For Music you would need; "Playlist" "is not" "any". As these conditions aren't listed, I'm guessing that it can't be done.
 
It seems like you could make a smart playlist with "playlist" "is not" <each of your existing playlists> and then stack up ALL of your playlists in that filter. For example, if you have 30 playlists, you'll have 30 entries that are all "playlist" "is not" referencing each playlist. Here for example would be a starter of building this by selecting 2 holiday playlists...

PlaylistExclusion.jpg

If I added the rest of my playlists like those 2, I'm guessing what would be left would be songs not in any of the my playlists.

I did a minimal test where I made a 1 row version of this and the total songs in this playlist was reduced by the number of songs in the filtered playlist. Then I added another "is not" rule for some songs still showing that I knew were in another playlist and those songs disappeared. Then I added another "is not" rule for some songs still showing that I knew were in another playlist and those songs disappeared. So, I believe if I put ALL of my playlists in this smart playlist, I'd end up with only songs not in any playlist. Based on this partial test, I'm about 90% confident this would work for OP.

OP, I suggest testing the above by checking song counts in a few of your playlists and then making just a one-line version of this smart playlist trying each "is not" playlist. For example, Playlist A has 1200 songs, B has 800. You know your "total songs" number. So try making this with A and total songs in this playlist should be total songs minus thoe 1200 songs. Now switch that to B and it should be total songs minus 800, etc.

If you KNOW for sure you have at least 2 playlists with no overlapping songs- that is, the same songs are not in both playlists, you could grow confidence in this method by putting one of the playlists in this filter to see total songs minus the number of songs in one playlist... then adding a new row and the second playlist to see the result being total songs minus playlist 1 and minus playlist 2. It won't take much of that kind of approach to realize that if you put ALL of your playlists in such a rule, it should result in a playlist of songs not in any of your playlists.

Shortcut option: create a temporary playlist that would basically be "All Songs in Playlists." Drag all songs from all of your playlists into this temp playlist.
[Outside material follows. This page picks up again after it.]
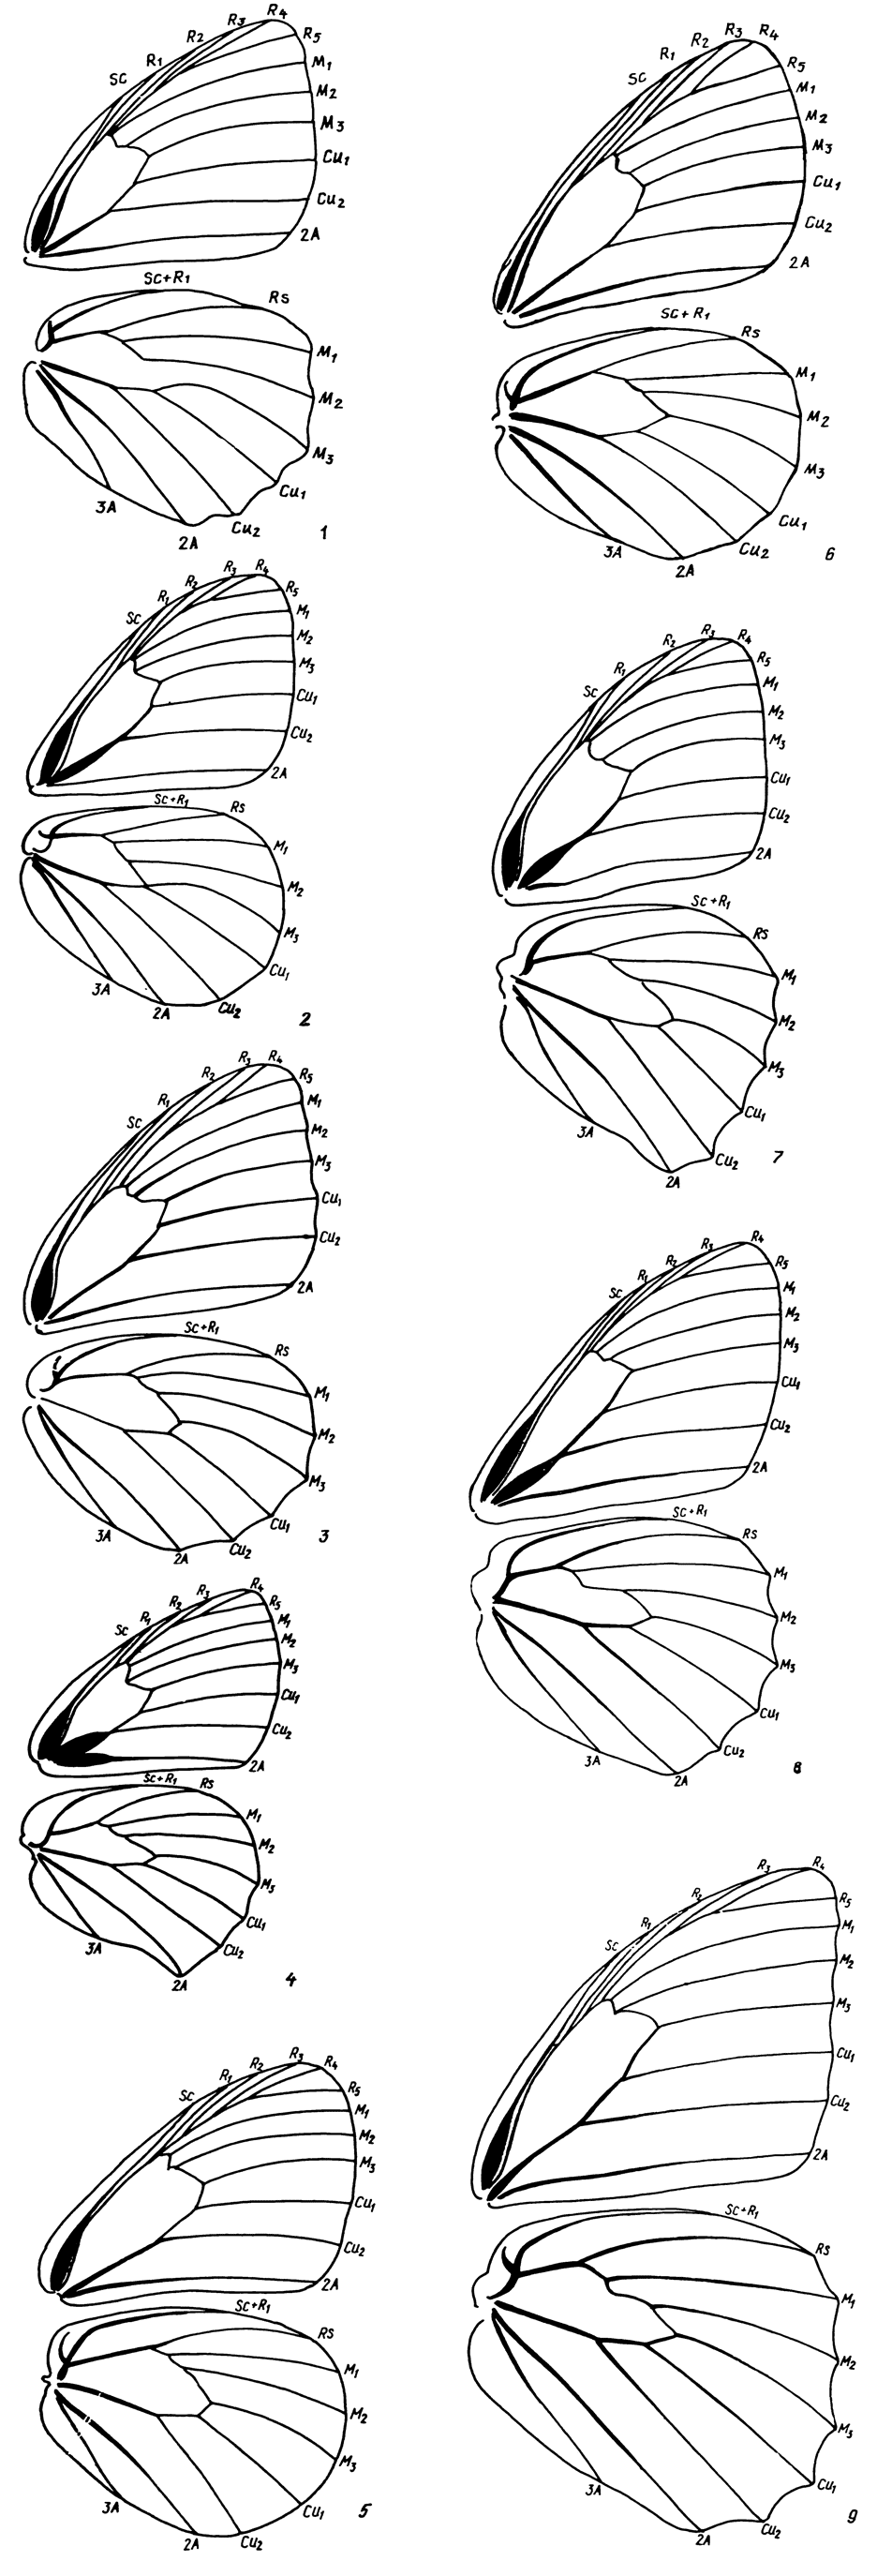 . 44.       Satyridae: 1 - Esperarge climene (Esp.) (Lethinae), 2 - Lasiommata megera (L.) (Lethinae), 3 - Melaneigia galathea (L.) (Melanargiinae), 4 - Coenonympha pamphilus (L.) (Coenonymphinae), 5 - Proterebia afra (F.), 6 - Erebia aethiops (Esp.) (Erebiinae), 7 - Maniola jurtina (L.) (Satyrinae), 8 - Hipparhia pellucida (Stdr.) (Satyrinae), 9 - Brintesia circe (F.) (Satyrinae)

Now use the above "is not" option to filter this one playlist. That should eliminate all songs in all playlists by having to use only one "playlist" "is not" choice. Once you have the smart playlist result (of all songs not in any playlist), create a "NotInAnyPlaylist" (not smart) regular playlist and drag all of these songs into it. Then you can delete the smart playlist temp playlist you created to filter for this result AND the smart playlist "is not" playlist, eliminating the "one time use" clutter of both of those but leaving you with a net of one new regular playlist made up of only songs in no other playlist.
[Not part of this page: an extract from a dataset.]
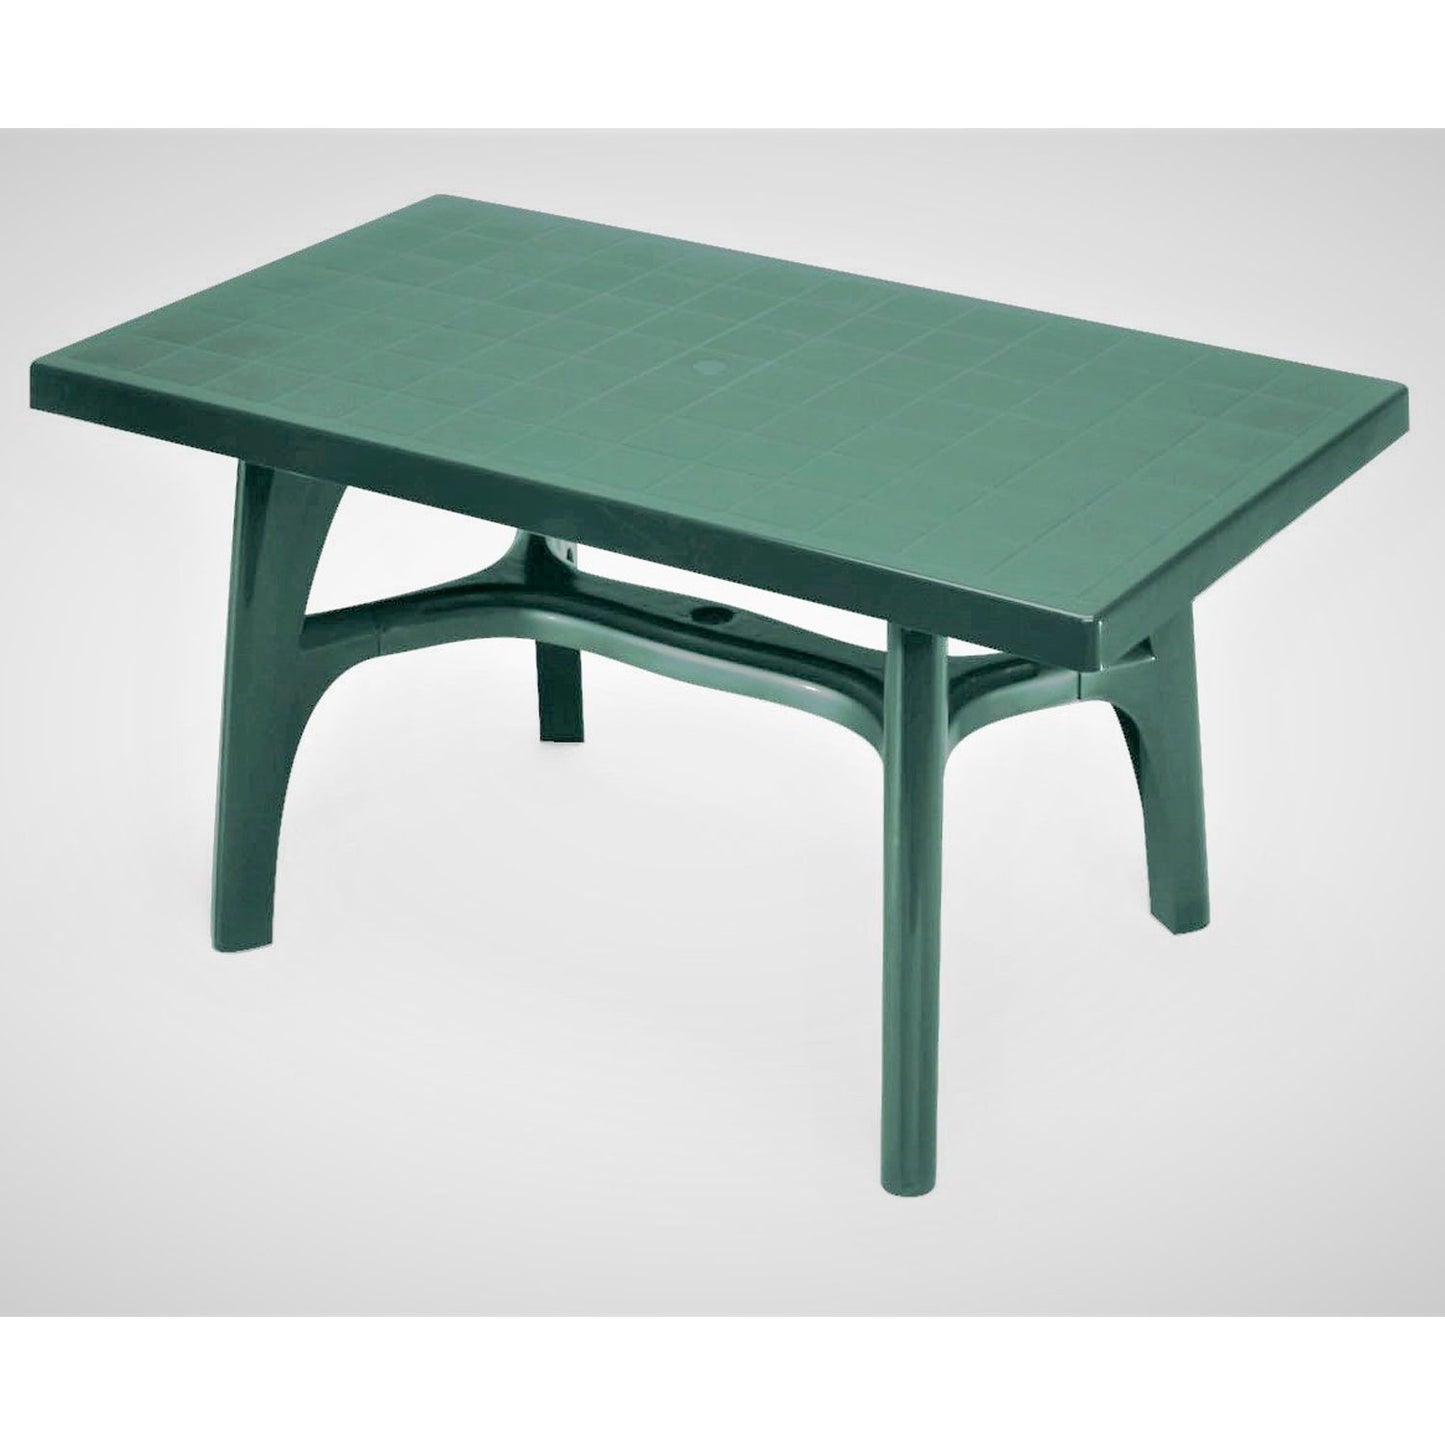 Rettango 140cm x 80cm Rectangular Dining Table by Scab Design

If that doesn't work- but I'm pretty confident it will- here's a few hack options...

If you don't have too many playlists, open each playlist and uncheck all. Then go to "songs" and those that remain checked are not in any playlist. Maybe put them in a "NotInAnyPlaylists" playlist then go back through your playlist and re-check all again.
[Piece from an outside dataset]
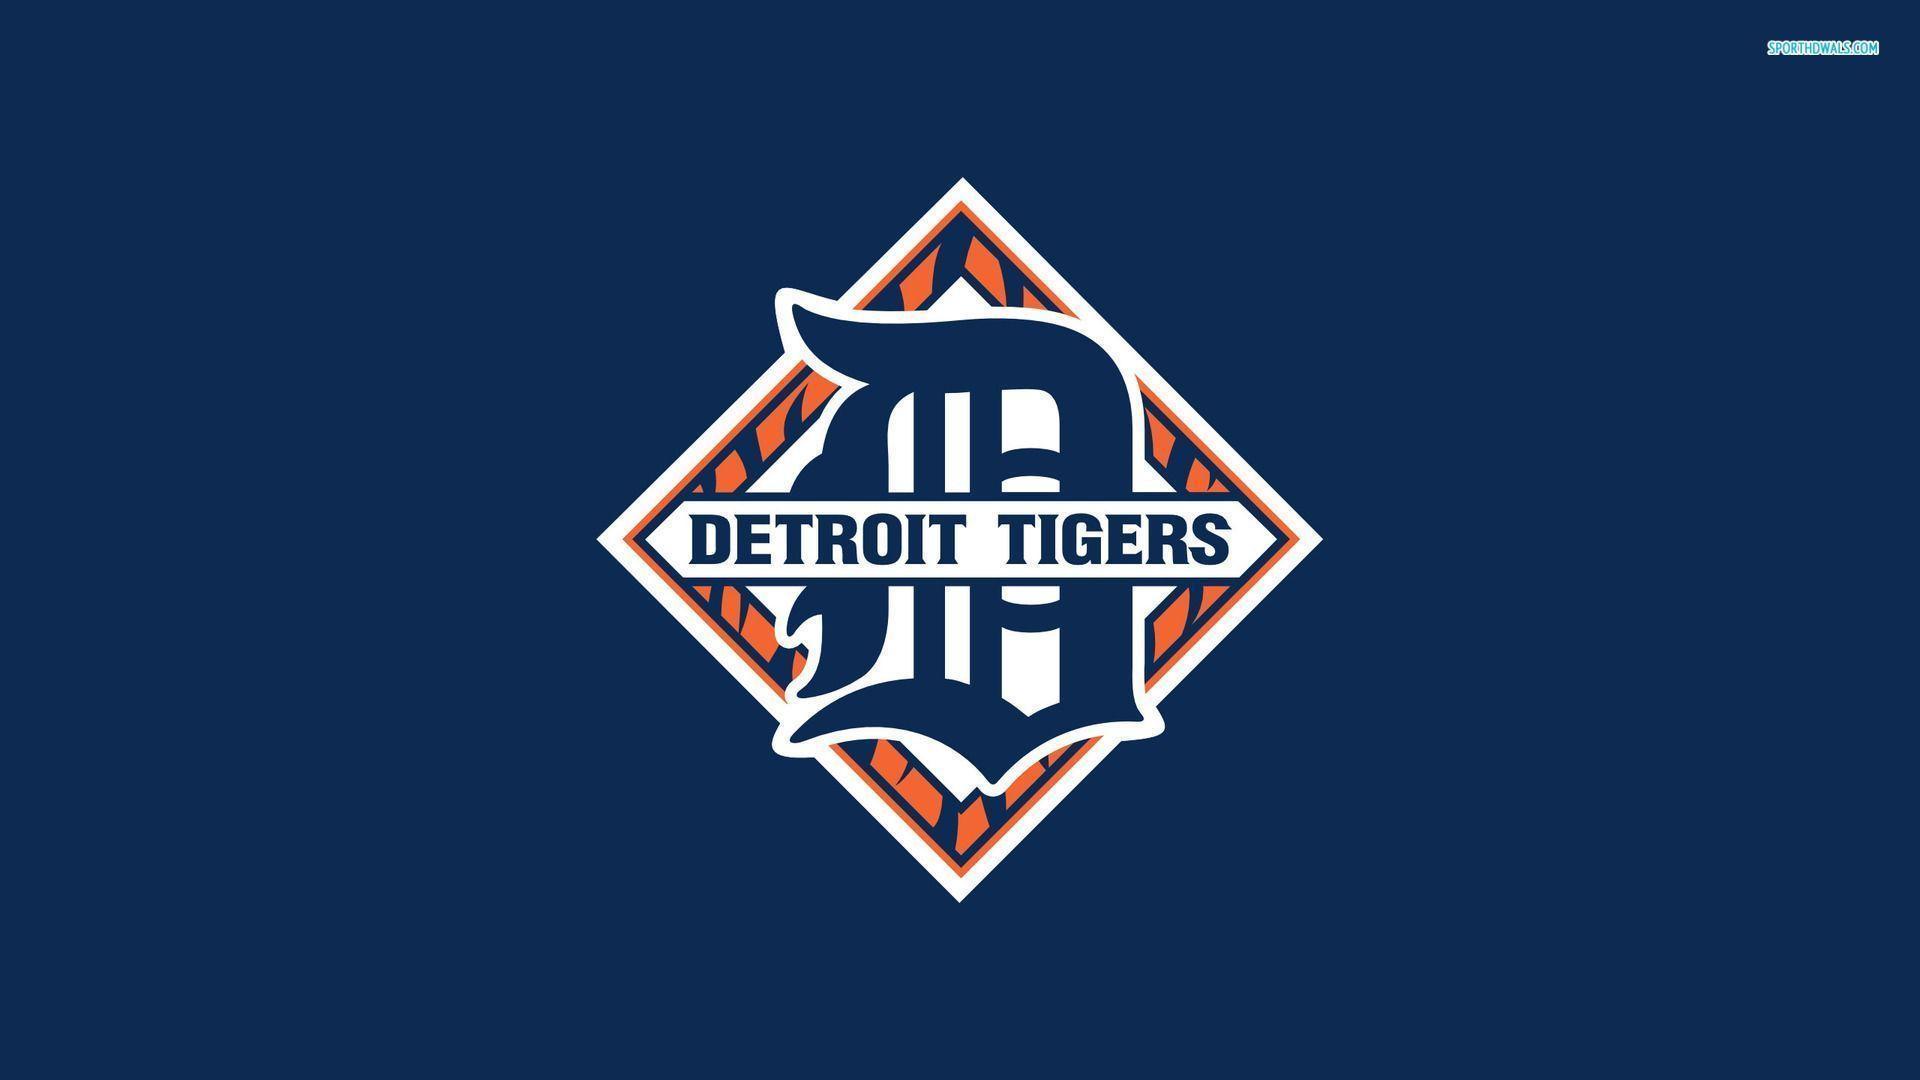 Detroit Tigers 154

Less reliable: if you regularly play your playlists, look through their songs for oldest "last played" date. Then in "Songs" sort by last played date. Everything before your oldest "last played" date is not in any playlist. This option will probably miss a few where you have played a few songs not in a playlist since that oldest "last played" date, but that would probably get most of them.

Another less reliable option if you regularly play your playlists: Play count should be higher than songs never played or rarely played. For example, if your playlists average is- say- 8 plays, I would guess play count numbers of 1 or 2 is probably songs not in any playlist.

In all of these you could then make a playlist of "NotInAPlaylist" and then you could eyeball your way through all of the songs in this playlist with right click, "show in playlist" to discover any that actually are in some playlist and manually delete them from this playlist. That would ultimately lead to a true "not in any playlist" playlist.